Organizations with low productivity, yet high positivity may have laid the groundwork by developing an upbeat, light-as-a-cloud work environment, but need to take course correction soon by instituting productivity goals; performance metrics; clearly articulating expectations; and identifying team leaders to motivate, inspire, and act as role models. Left unchecked, the corporate coffin will be carried to the grave by happy, unemployed pallbearers.

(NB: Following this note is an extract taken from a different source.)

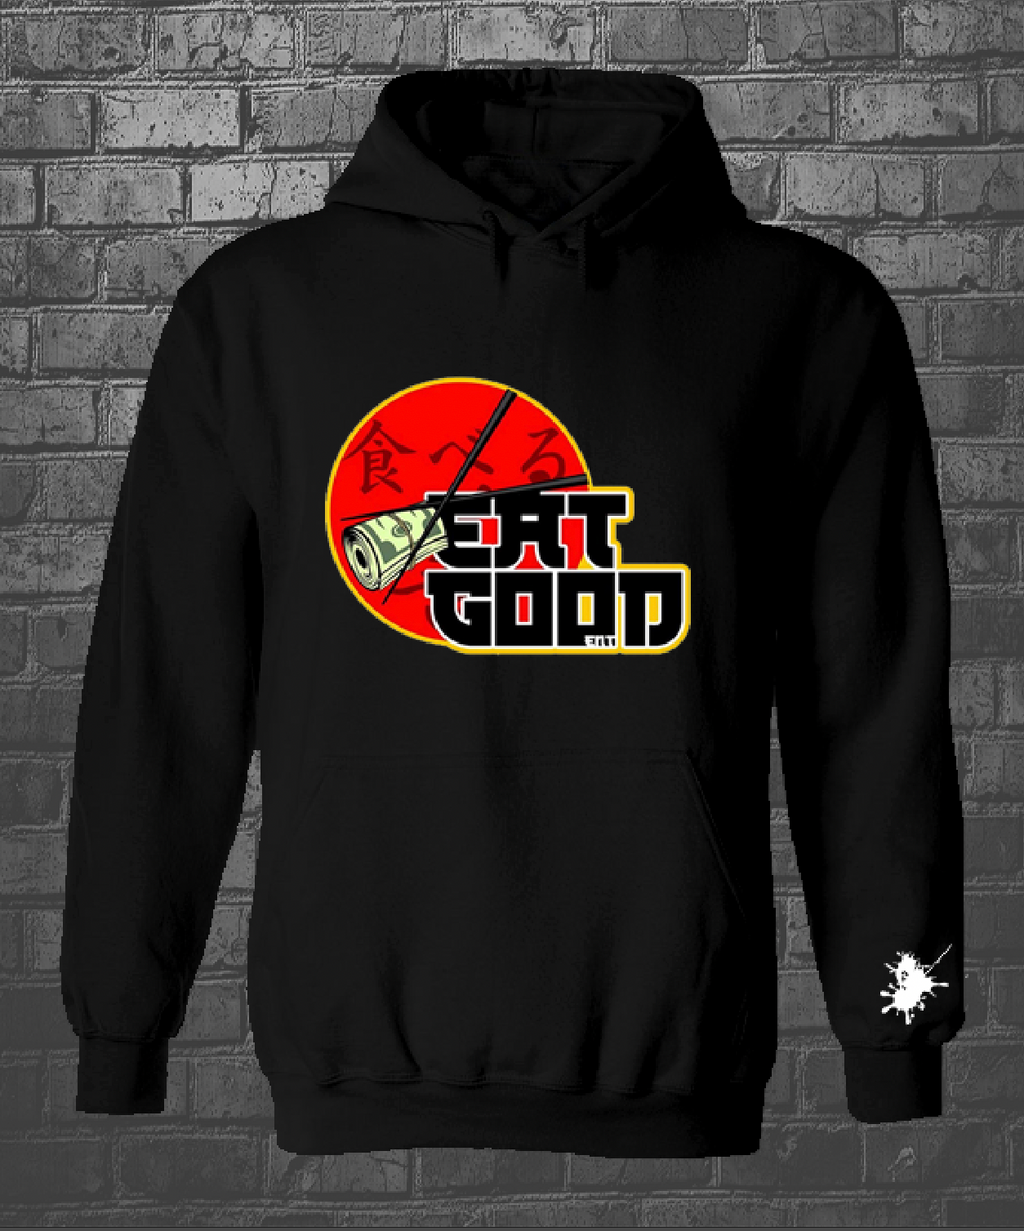 Eat Good Ent. Hoodie with big logo

Those blessed organizations with high productivity and positivity are destined for greatness. To maintain the spirit of success they must loosen the corporate reins on their stallions and offer the freedom to run full bore. They must systematize and automate operations when possible, and celebrate success often. More importantly, however, they must embrace and learn from their failures. Leaders who have identified those elements of their organization’s culture that have contributed to success, and then ensured they are ingrained in the corporate DNA, are more likely to defy the odds and secure enduring success. Sounds great, right?”

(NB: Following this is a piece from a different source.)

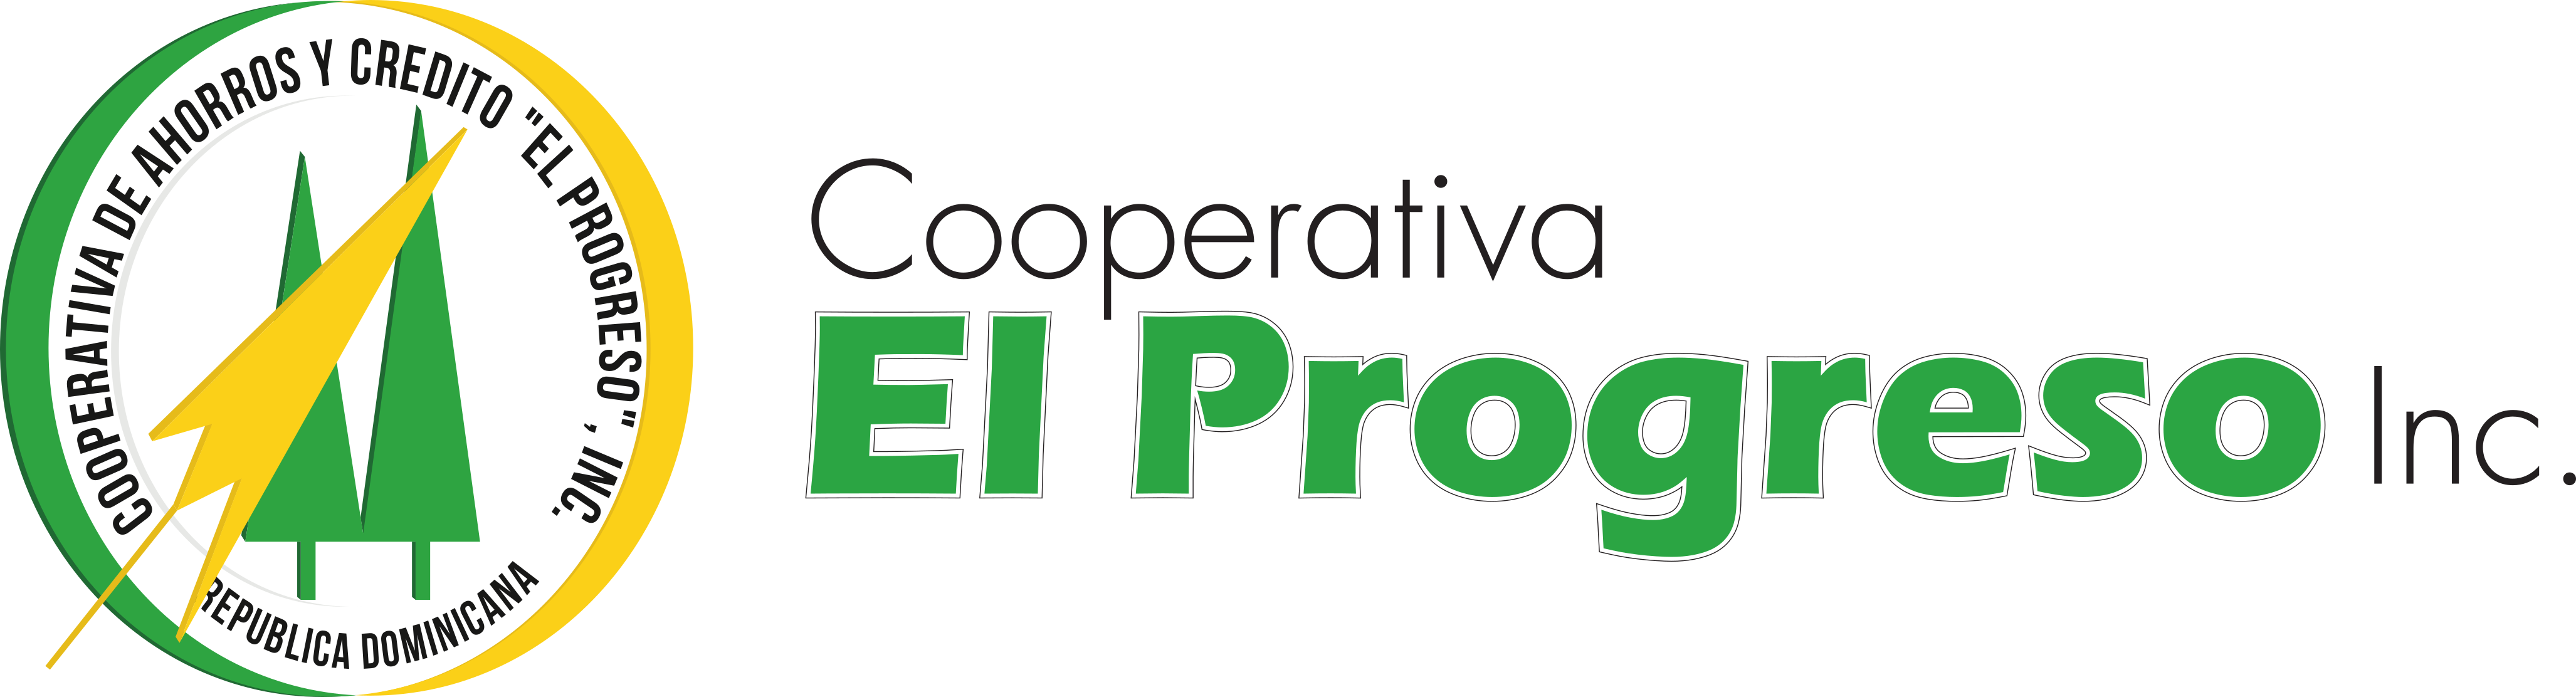 Cooperativa El Progreso

I did eventually learn from the two examples I set earlier. After I had a paradigm shift and learned that being hard-nosed would get me nowhere, I learned something important: Productivity begins with hiring the right person. I’ve believed, at least in the recent years of my career that a leader’s role is largely in a support capacity. I try to find those with good character, then make sure they’re well taken care of and given everything they need. I often ask employees if they’re comfortable, if they have everything they need, and if there’s anything I can do to help. I’m often asked the same by my boss. I often wonder how those situations I mentioned earlier would have ended up had I taken this approach with those “trouble” employees. When I look back, I can’t help but feel that the loss in producitivity and toxic attitude was on my shoulders to fix.
The result is the best working environment I’ve experienced. People missing work is largely an anomaly. Sick days are practically non-existent. People laugh, enjoy themselves, are passionate, respectful, and professional. We take pride in our work and love to learn about better ways to do it.
Having said all this, problems do arise. In a later blog post, I will talk about addressing issues in a respectful manner. Let me just say that when problems do arise, they’re easily remedied in an atmosphere of mutual respect. We’re eager to fix our flaws as employees. We’re eager to coach to make each other better. We want to be better, we believe we can be.